WHAT IS EXPECTED:
Copy nothing from the entries below except the lines from the one containing "Backyard Golf Practice" through the one containing "Minti - Cute Cups - Swimsuit - Girls - Blue", and copy those exactly.

MATERIAL TO PROCESS:

====================

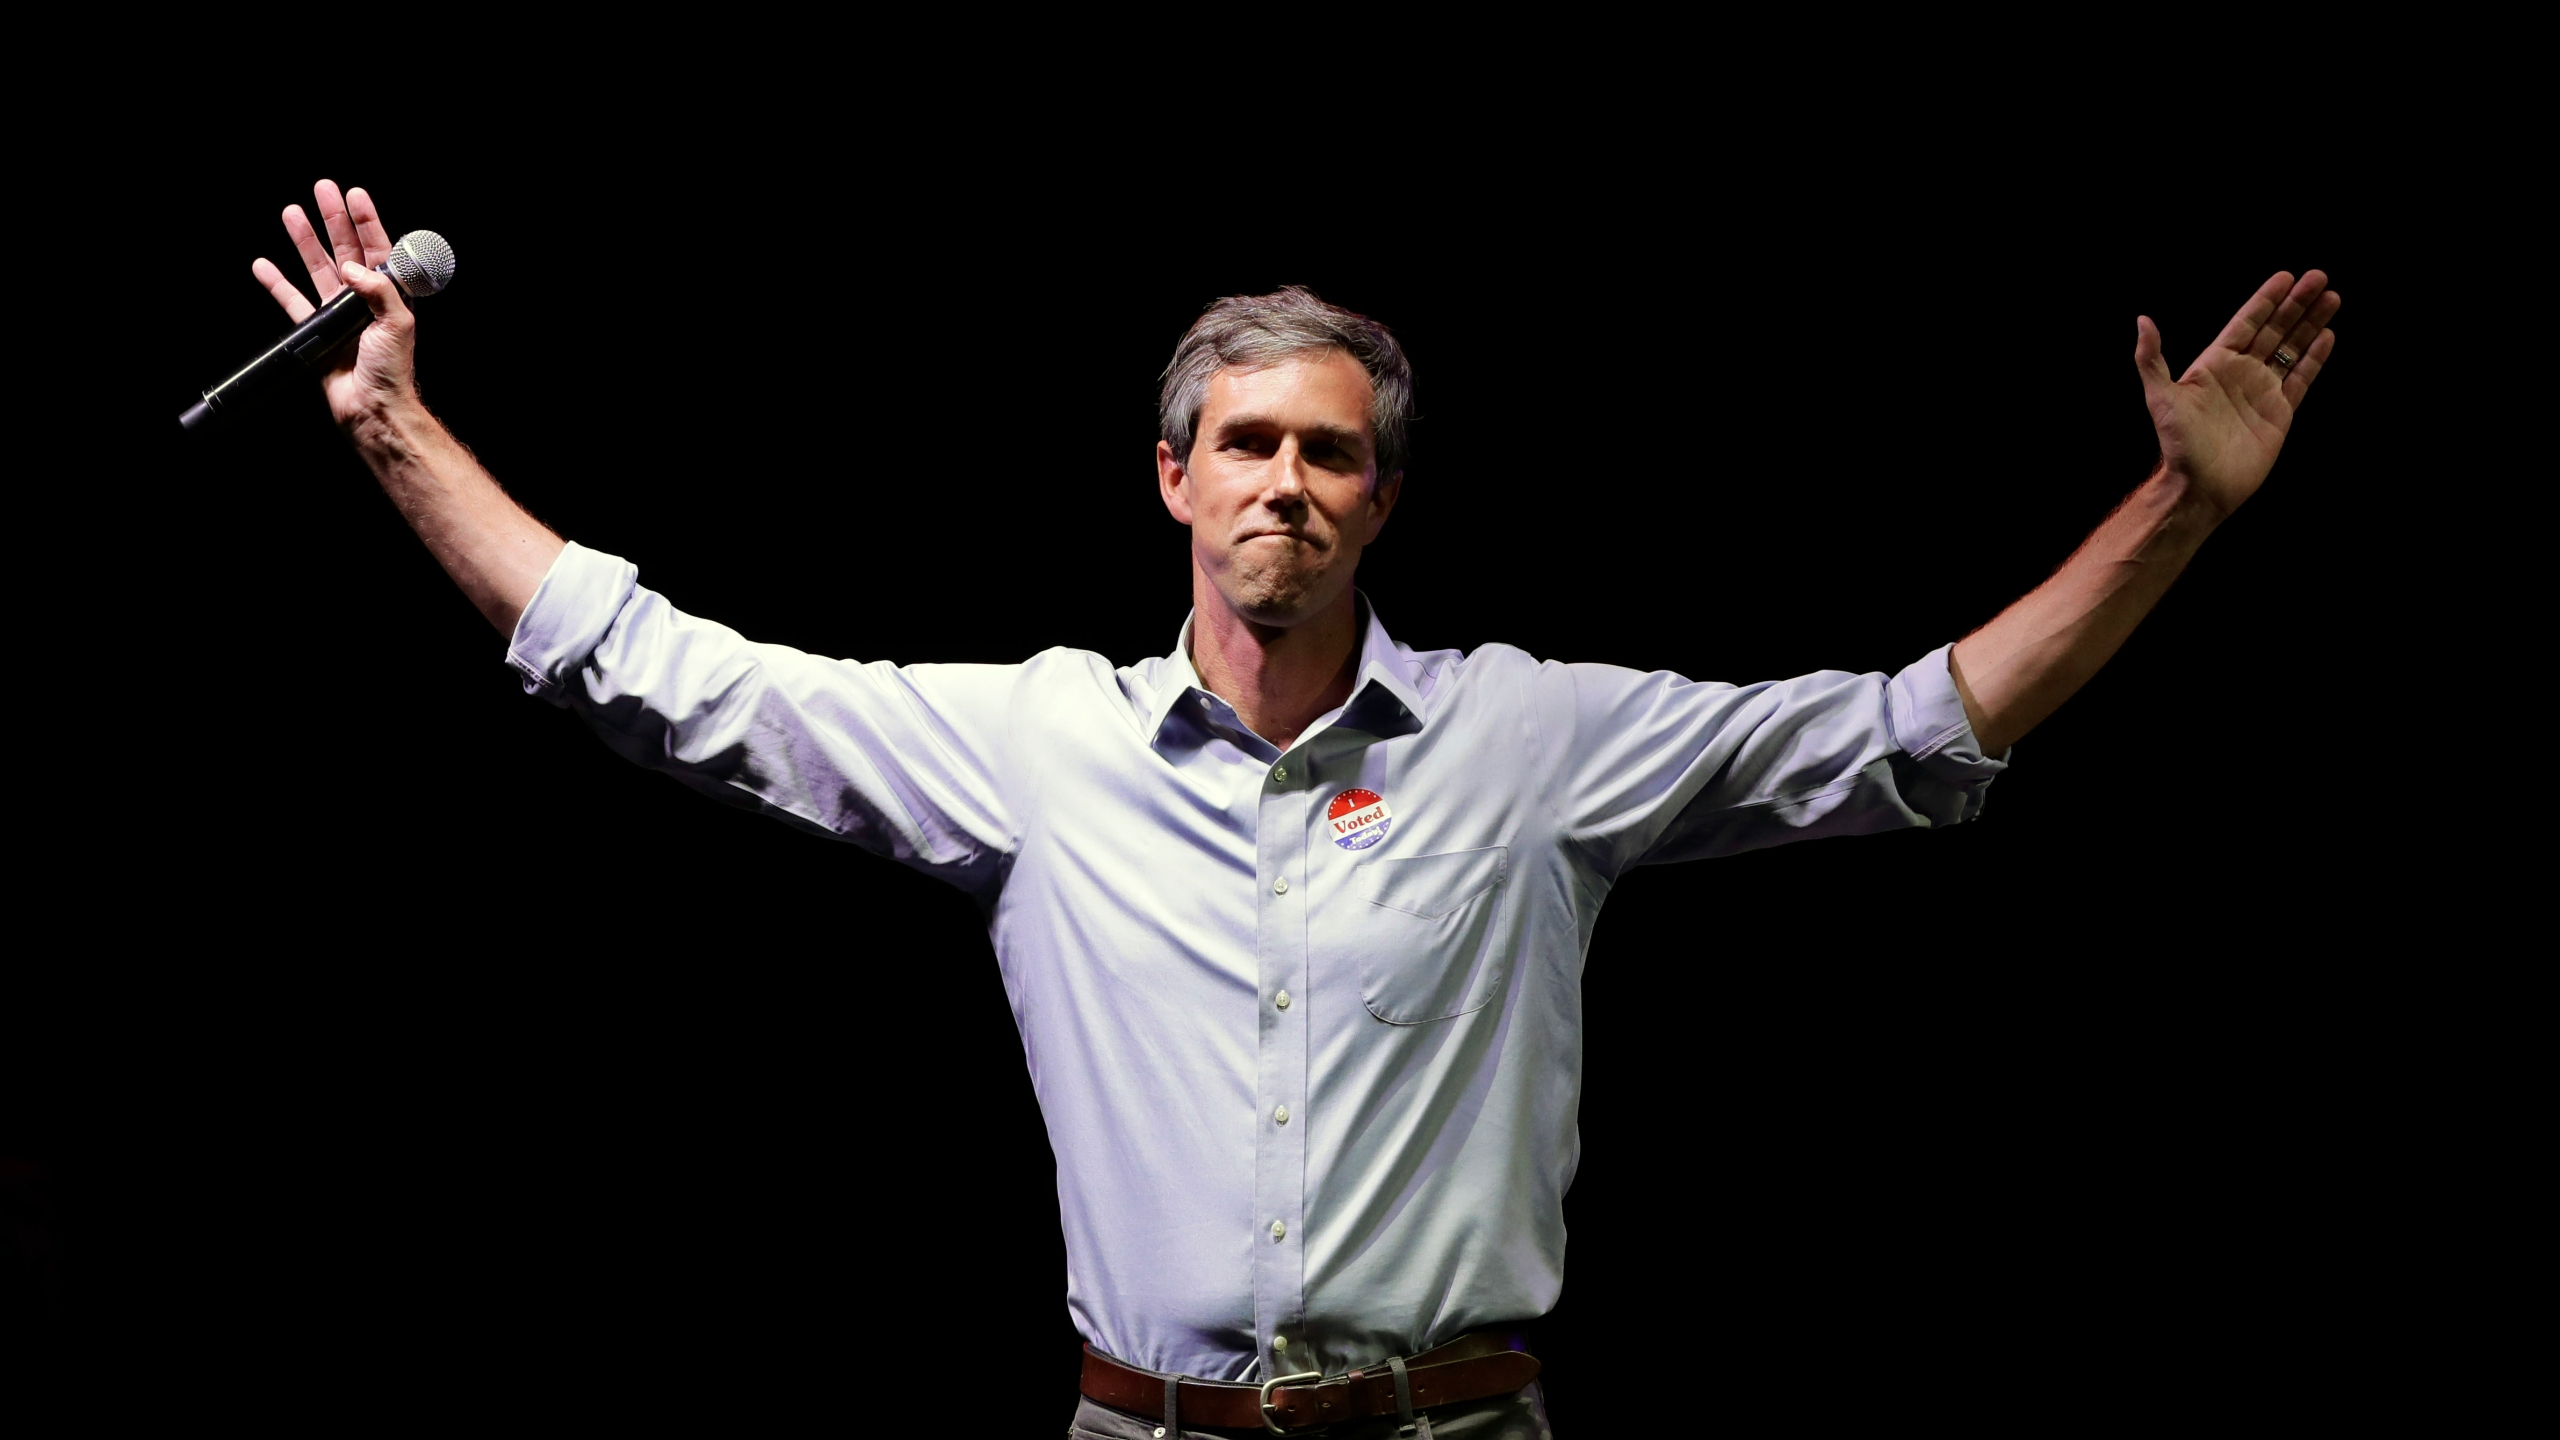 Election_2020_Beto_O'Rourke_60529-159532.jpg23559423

====================

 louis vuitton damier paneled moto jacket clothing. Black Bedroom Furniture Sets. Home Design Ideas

====================

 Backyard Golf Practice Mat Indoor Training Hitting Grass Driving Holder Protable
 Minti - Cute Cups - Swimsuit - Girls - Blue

====================

RESULT OF THE TASK:
 Backyard Golf Practice Mat Indoor Training Hitting Grass Driving Holder Protable
 Minti - Cute Cups - Swimsuit - Girls - Blue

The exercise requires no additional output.